Con lo sguardo rivolto verso l’ampio ingresso, ad un tratto J-1178 si ricordò dell’incontro con quel globulo rosso, un giovane dai capelli neri che le aveva donato l’ossigeno mentre lei si trovava in quell’ospedale: un incontro che, per lei, era stato un vero e proprio punto di svolta; un incontro grazie al quale l’eritrocita, attraverso il racconto della sua esperienza, l’aveva aiutata in un momento nel quale lei sembrava aver perso ogni ragione di vivere. In seguito a quell’incontro la leucocita si era ripromessa di vederlo ancora una volta per ringraziarlo: non sarebbe stato difficile dato che egli faceva parte dello stesso gruppo del globulo rosso dai grandi occhiali che spesso incrociava insieme alla sua sorellona... ma, da quel giorno, l’eritrocita che l’aveva salvata sembrava essere scomparso nel nulla.

E proprio mentre stava avendo quel pensiero, la piccola guerriera avvertì un peso all’altezza dello stomaco.

L’ospedale non è molto lontano da quella pozza di sangue... e se il guanto fosse il suo? No... no: ne sono certa. In questo momento sarà altrove, al sicuro: siamo milioni e milioni di cellule, è più facile non incontrarsi che il contrario!

Scosse la testa, cercando di rimuovere quel grave pensiero che aveva appena formulato.

Fu a quel punto che le venne in mente un’idea alla quale non aveva pensato, fino ad allora. Con quel guanto ben stretto in mano e con quei pensieri J-1178 decise di correre verso nord, nella direzione che l’avrebbe portata nel cervello.

Quello sarebbe stato l’unico luogo nel quale era certa di aver trovato le risposte a tutti i dubbi che si stavano affollando dentro di lei.

 

 

 

La piccola guerriera avvicinò la sua tessera ai tornelli posti all’ingresso di un luogo che ben conosceva: per giungere nel cervello, quel territorio che si trovava all’estremo confine tra il loro mondo e quello che si trovava al di fuori del corpo stesso, la leucocita aveva attraversato intere lande devastate dai bombardamenti e superata la capillare presenza di controlli sempre più stringenti. Man mano che si addentrava in quel luogo, ciò che le era subito saltato all’occhio era il fatto che la devastazione sembrava aver raggiunto quel luogo in misura minore rispetto al resto del corpo: solo qualche crepa attraversava le mura che lo circondavano e gli ingressi degli uffici e corridoi rimasti ancora in piedi; lo stesso valeva anche per la gigantesca entrata dalle porte metalliche della Sala 00, la stanza dalla quale partivano tutti gli ordini verso ogni angolo del corpo, e nella quale la leucocita stava per entrare.
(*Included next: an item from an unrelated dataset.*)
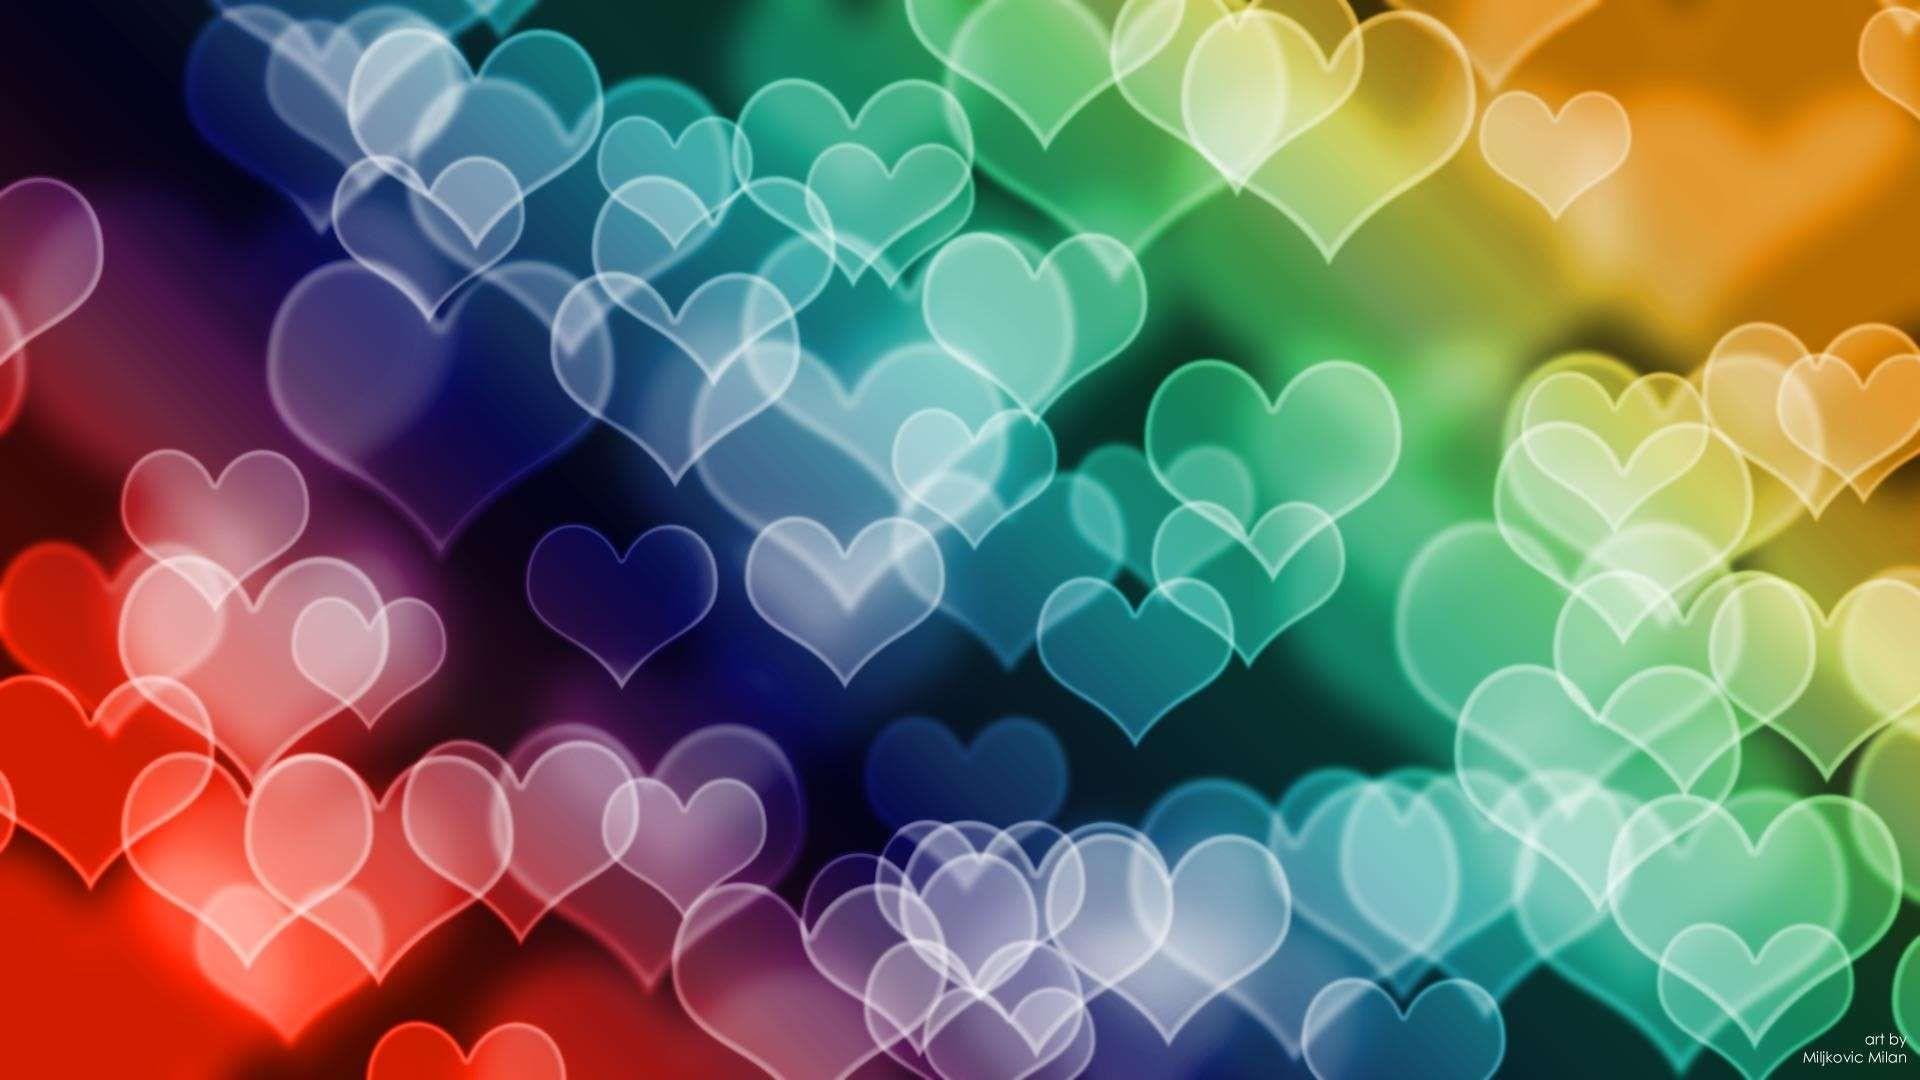 Rainbow Heart Wallpaper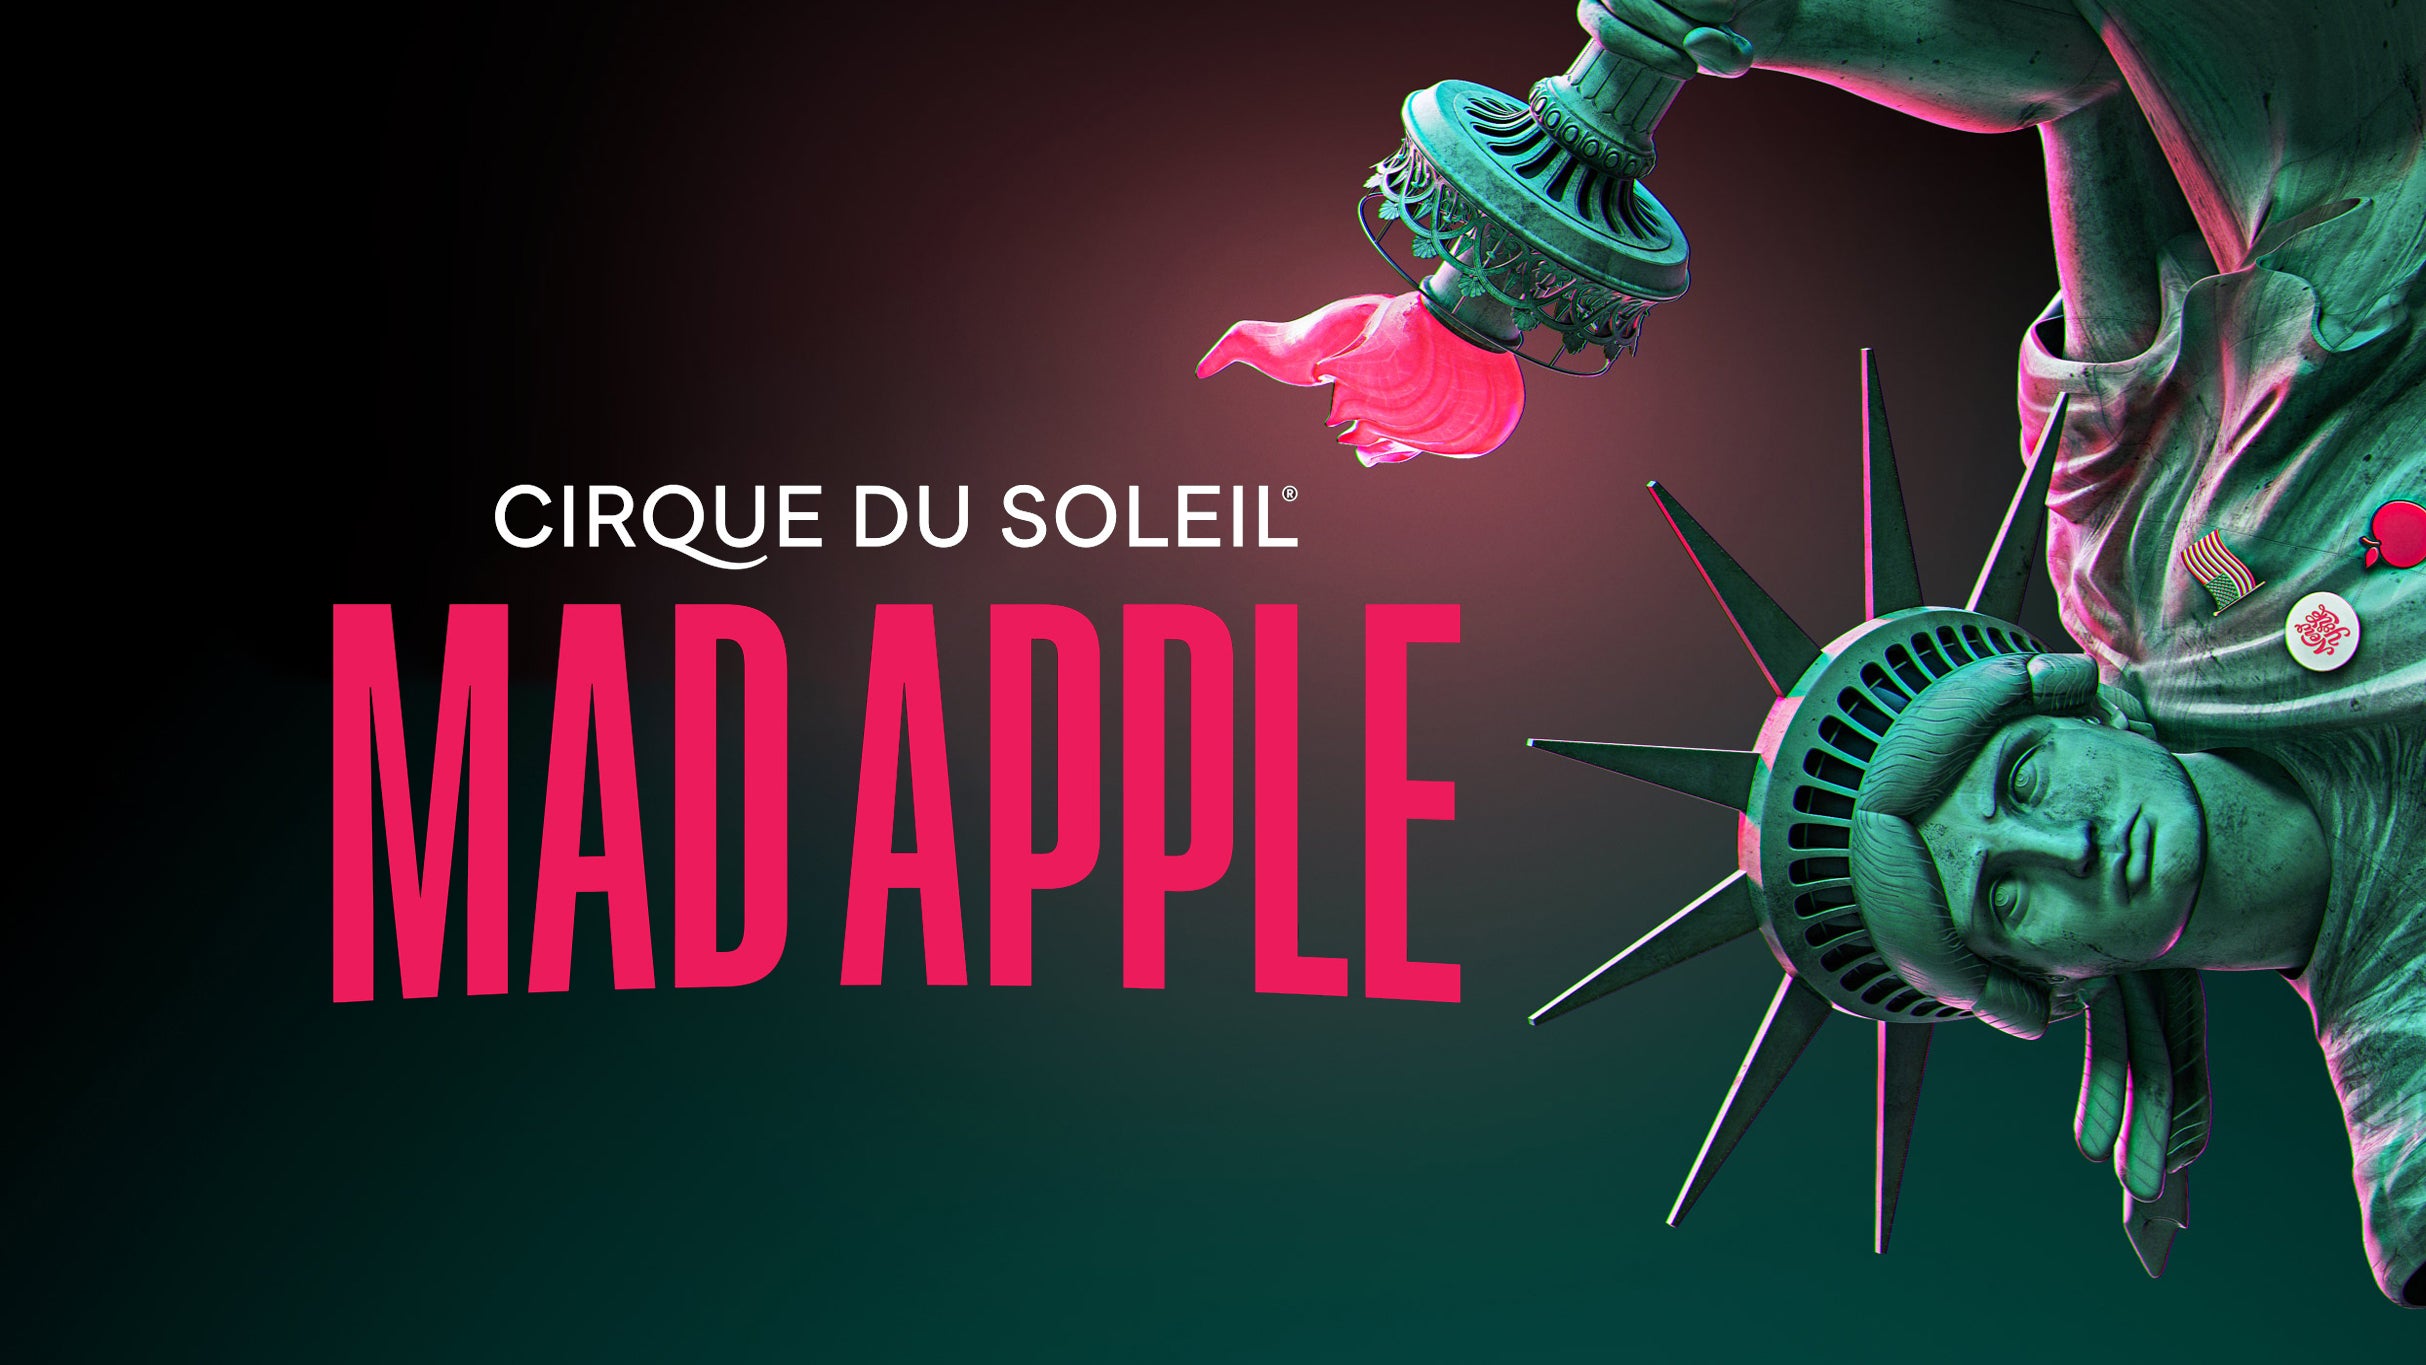 Cirque du Soleil: Mad Apple at New York-New York Theater

Quando le grandi porte metalliche si aprirono, l'agitazione era l’elemento che predominava l’atmosfera di quel luogo: persone che correvano da un punto all’altro della larga sala, portando con sé pesanti faldoni di documenti di ogni genere, altrettante che continuavano a battere le dita sulla tastiera che avevano dinanzi per trasmettere ordini alle cellule, altre ancora che osservavano con scrupolosa attenzione gli schermi dei computer per captare qualsiasi genere di anomalia presente in tutto il corpo.

E poi c’era lui, il comandante: con le braccia conserte e lo sguardo imperturbabile, dominava silenzioso quell’agitato ambiente di lavoro. A lui non sfuggiva mai nulla: sebbene in quel momento sembrasse estremamente concentrato sul suo lavoro, riuscì a notare l’arrivo della giovane cellula; era come se egli avesse avuto gli occhi anche dietro la nuca.

«Cosa ci fai qui?» le chiese con tono fermo, senza voltarsi.

J-1178 non si scompose. Quello del comandante non sembrava essere un rimprovero: era una frase di circostanza che pronunciava a qualsiasi cellula che entrasse in quel luogo austero. «Sono qui per la mia ronda quotidiana» rispose.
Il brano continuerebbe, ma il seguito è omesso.